En descendant, nous sommes passés devant une villa de deux étages, cachée dans un bosquet de parasols chinois, de magnolias et de pins. Elle ressemblait presque à un tas de pierres au hasard sur le fond des rochers. J'ai trouvé l'endroit exceptionnellement beau et j'ai pris ma dernière photo. Soudain, un homme surgit de nulle part et me demanda d'une voix basse mais autoritaire de lui remettre mon appareil photo. Il portait des vêtements civils, mais j'ai remarqué qu'il avait un pistolet. Il a ouvert l'appareil et a exposé tout mon rouleau de pellicule. Puis il a disparu, comme s'il s'était enfoncé dans la terre. Des touristes à côté de moi ont chuchoté qu'il s'agissait d'une des villas d'été de Mao. J'ai ressenti une nouvelle poussée de dégoût à l'égard de Mao, non pas tant pour ses privilèges que pour l'hypocrisie qui consiste à se permettre le luxe tout en disant à son peuple que même le confort est mauvais pour lui. Une fois que nous avons été hors de portée de voix du garde invisible et que j'ai déploré la perte de mes trente-six photos, Jin-ming m'a fait un sourire : "Voyez ce que ça donne d'admirer les lieux saints !"
Nous avons quitté Lushan en bus. Comme tous les bus de Chine, il était bondé et nous devions tendre le cou pour essayer de respirer. Pratiquement aucun nouveau bus n'avait été construit depuis le début de la révolution culturelle, alors que la population urbaine avait augmenté de plusieurs dizaines de millions de personnes. Au bout de quelques minutes, nous nous sommes soudain arrêtés. La porte d'entrée a été forcée et un homme en civil à l'air autoritaire s'est glissé à l'intérieur. Descendez !" aboya-t-il.
"Des invités américains arrivent par ici. Il est préjudiciable au prestige de notre patrie qu'ils voient toutes ces têtes en désordre !" Nous avons essayé de nous accroupir, mais le bus était trop bondé. L'homme a crié : "Il est du devoir de chacun de sauvegarder l'honneur de notre patrie ! Nous devons présenter une apparence ordonnée et digne ! Descendez ! Pliez les genoux !"
Soudain, j'ai entendu la voix tonitruante de Jin-ming : "Le président Mao ne nous a-t-il pas ordonné de ne jamais plier les genoux devant les impérialistes américains ?" C'était le début des ennuis.
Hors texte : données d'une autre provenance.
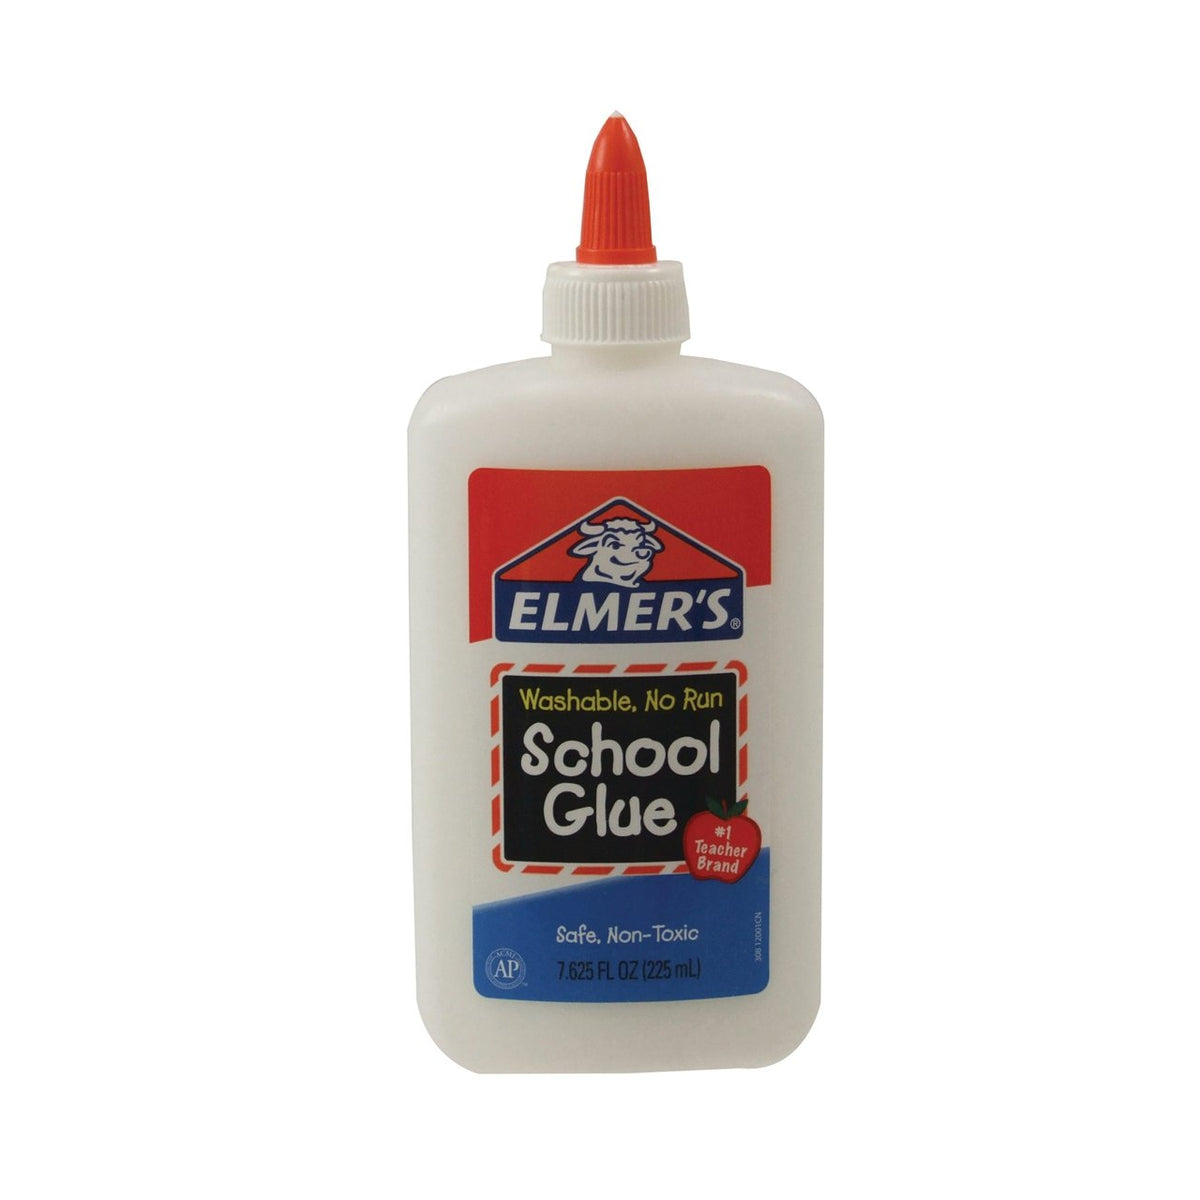 Elmers Glue, Clear, Washable - 5 fl oz

L'humour n'a pas été apprécié. L'homme a jeté un regard sévère dans notre direction, mais n'a rien dit. Il a jeté un autre coup d'œil rapide sur le bus et s'est empressé de partir. Il ne voulait pas que les "invités américains" soient témoins d'une scène. Partout où nous sommes allés au cours de notre voyage sur le Yangtsé, nous avons vu les conséquences de la révolution culturelle : temples détruits, statues renversées et vieilles villes anéanties. Il ne restait que peu de traces de l'ancienne civilisation chinoise. Mais la perte est encore plus profonde. Non seulement la Chine avait détruit la plupart de ses belles choses, mais elle en avait perdu l'appréciation et était incapable d'en créer de nouvelles. À l'exception des paysages très abîmés mais toujours magnifiques, la Chine était devenue un pays laid.